Lines to restate from the data below: from the one containing "Modernizando la Corte" to the one containing "Les filles jouent", both included. Give them again exactly, and only them.

RECORDS PROVIDED:
== Segment start ==

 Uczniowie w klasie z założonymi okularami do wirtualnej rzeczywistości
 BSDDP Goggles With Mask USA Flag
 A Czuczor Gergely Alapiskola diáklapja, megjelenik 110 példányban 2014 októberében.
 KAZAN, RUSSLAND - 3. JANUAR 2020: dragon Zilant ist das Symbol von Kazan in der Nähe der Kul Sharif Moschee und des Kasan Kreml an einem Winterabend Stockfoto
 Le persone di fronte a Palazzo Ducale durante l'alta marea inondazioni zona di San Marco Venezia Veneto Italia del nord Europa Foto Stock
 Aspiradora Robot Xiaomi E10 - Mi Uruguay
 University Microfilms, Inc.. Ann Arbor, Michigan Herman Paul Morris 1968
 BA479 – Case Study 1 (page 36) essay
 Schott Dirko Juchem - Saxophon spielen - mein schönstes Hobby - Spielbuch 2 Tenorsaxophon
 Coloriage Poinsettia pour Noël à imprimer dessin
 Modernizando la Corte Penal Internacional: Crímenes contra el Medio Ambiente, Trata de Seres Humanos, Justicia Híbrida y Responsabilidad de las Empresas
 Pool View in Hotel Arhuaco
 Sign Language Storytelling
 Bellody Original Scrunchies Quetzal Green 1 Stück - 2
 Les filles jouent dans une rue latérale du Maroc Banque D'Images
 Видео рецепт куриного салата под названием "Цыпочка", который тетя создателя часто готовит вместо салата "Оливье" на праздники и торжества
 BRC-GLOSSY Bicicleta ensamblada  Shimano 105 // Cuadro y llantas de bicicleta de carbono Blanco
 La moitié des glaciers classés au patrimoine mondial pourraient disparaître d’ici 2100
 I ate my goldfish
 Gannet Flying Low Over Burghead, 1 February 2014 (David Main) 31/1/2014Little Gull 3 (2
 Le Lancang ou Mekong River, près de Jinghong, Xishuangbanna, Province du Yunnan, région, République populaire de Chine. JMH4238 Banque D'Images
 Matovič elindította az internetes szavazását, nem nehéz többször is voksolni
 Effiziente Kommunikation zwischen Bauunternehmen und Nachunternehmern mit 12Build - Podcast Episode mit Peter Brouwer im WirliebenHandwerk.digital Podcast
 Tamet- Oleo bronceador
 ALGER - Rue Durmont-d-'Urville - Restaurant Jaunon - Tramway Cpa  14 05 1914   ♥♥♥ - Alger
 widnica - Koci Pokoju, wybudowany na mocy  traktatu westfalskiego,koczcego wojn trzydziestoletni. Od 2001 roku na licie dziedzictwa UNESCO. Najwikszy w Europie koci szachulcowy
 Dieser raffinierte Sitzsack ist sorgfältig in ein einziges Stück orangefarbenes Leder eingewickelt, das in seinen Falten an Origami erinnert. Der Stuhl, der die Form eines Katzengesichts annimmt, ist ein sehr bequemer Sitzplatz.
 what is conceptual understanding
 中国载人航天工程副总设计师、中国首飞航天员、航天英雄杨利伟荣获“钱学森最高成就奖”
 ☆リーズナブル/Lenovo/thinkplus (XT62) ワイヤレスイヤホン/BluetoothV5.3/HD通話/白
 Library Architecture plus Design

== Segment end ==

RESULT OF THIS EXERCISE:
 Modernizando la Corte Penal Internacional: Crímenes contra el Medio Ambiente, Trata de Seres Humanos, Justicia Híbrida y Responsabilidad de las Empresas
 Pool View in Hotel Arhuaco
 Sign Language Storytelling
 Bellody Original Scrunchies Quetzal Green 1 Stück - 2
 Les filles jouent dans une rue latérale du Maroc Banque D'Images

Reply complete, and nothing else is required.